The human monoblastoid tumor cell line U937 [31] that can be differentiated into macrophage-like cells by treatment with phorbol-12-myristate 13-acetate (PMA) exhibits ACh synthesizing activity of choline acetyltransferase and contains approximately 0.02 pmol/10⁶ of ACh [32]. Although, to the best of our knowledge, the subunit composition of nAChRs expressed in U937 cells have not been established, it has been reported that these cells respond to nicotine [33], [34]. Therefore, U937 cells provide a useful model for studying basic mechanisms of macrophage regulation by auto/paracrine ACh through nAChRs.

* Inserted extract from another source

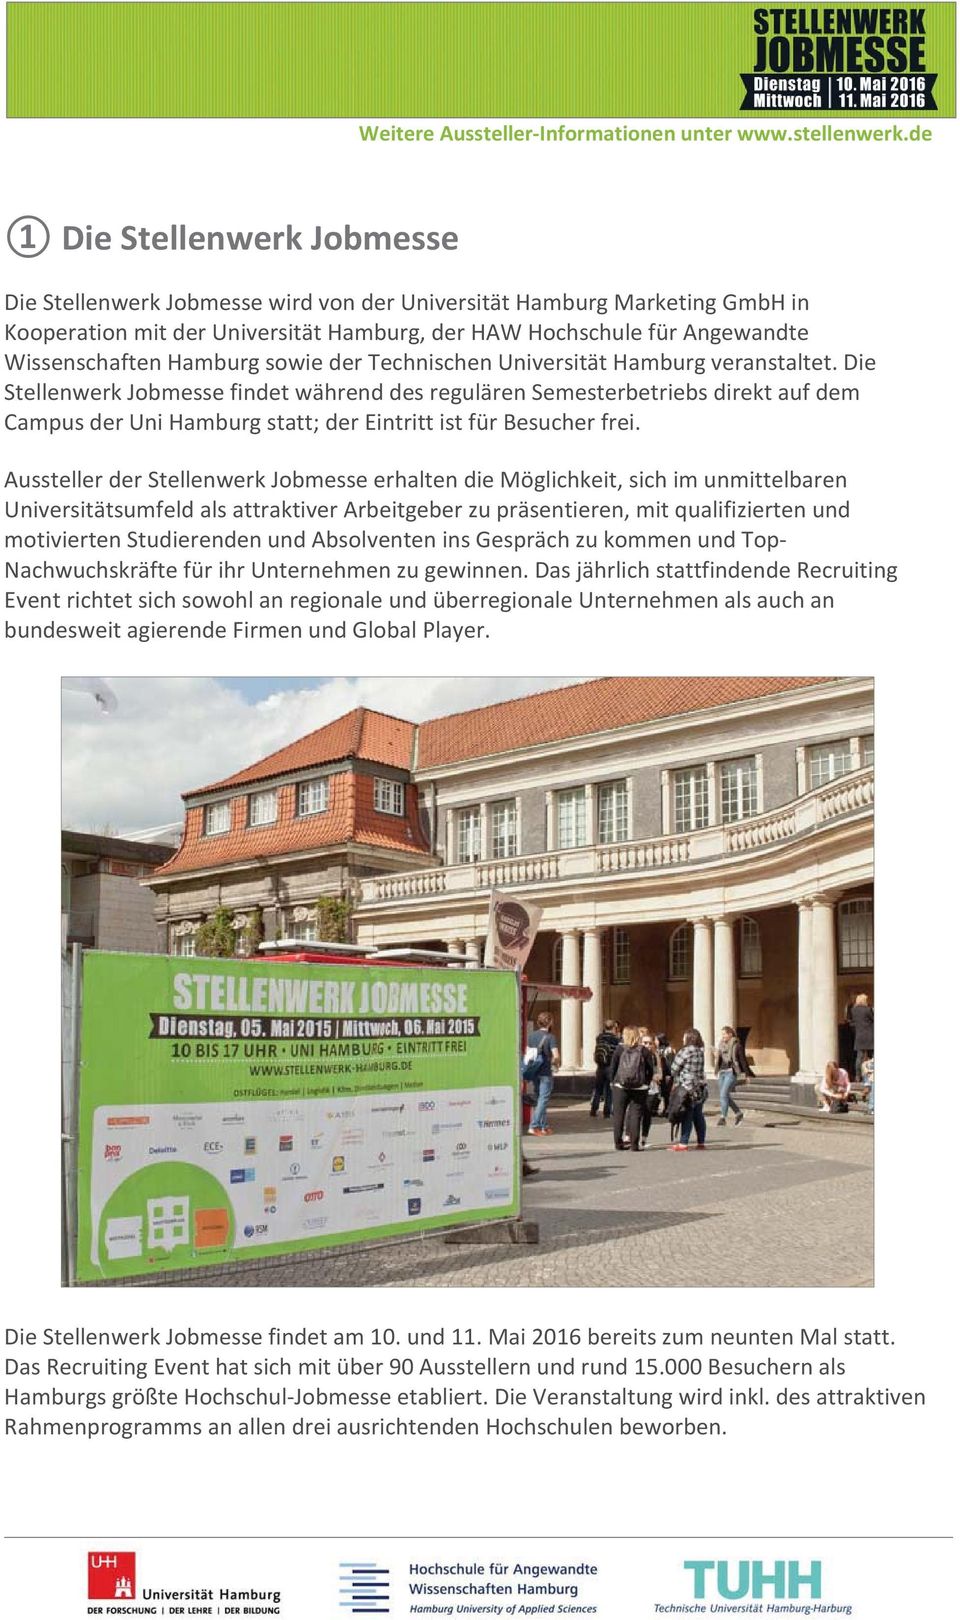 WissenschaftenHamburgsowiederTechnischenUniversitätHamburgveranstaltet.

In this study, we characterized the profile of nAChR subunits expressed in the macrophage-like differentiated U937 cells and demonstrated how the receptor repertoire changes upon cell activation with lipopolysaccharide (LPS). We also established relative contributions of α7- and non-α7 nAChR subtypes expressed in these cells to regulation of the pro- and anti-inflammatory cytokine production. The obtained results indicated that the macrophage nAChR subtypes are differentially coupled to regulation of production of distinct cytokines by auto/paracrine ACh. These findings offer a new insight on how nicotinic agonists control inflammation, thus laying a groundwork for the development of novel immunomodulatory therapies based on the nAChR subtype selectivity of nicotinic agonists.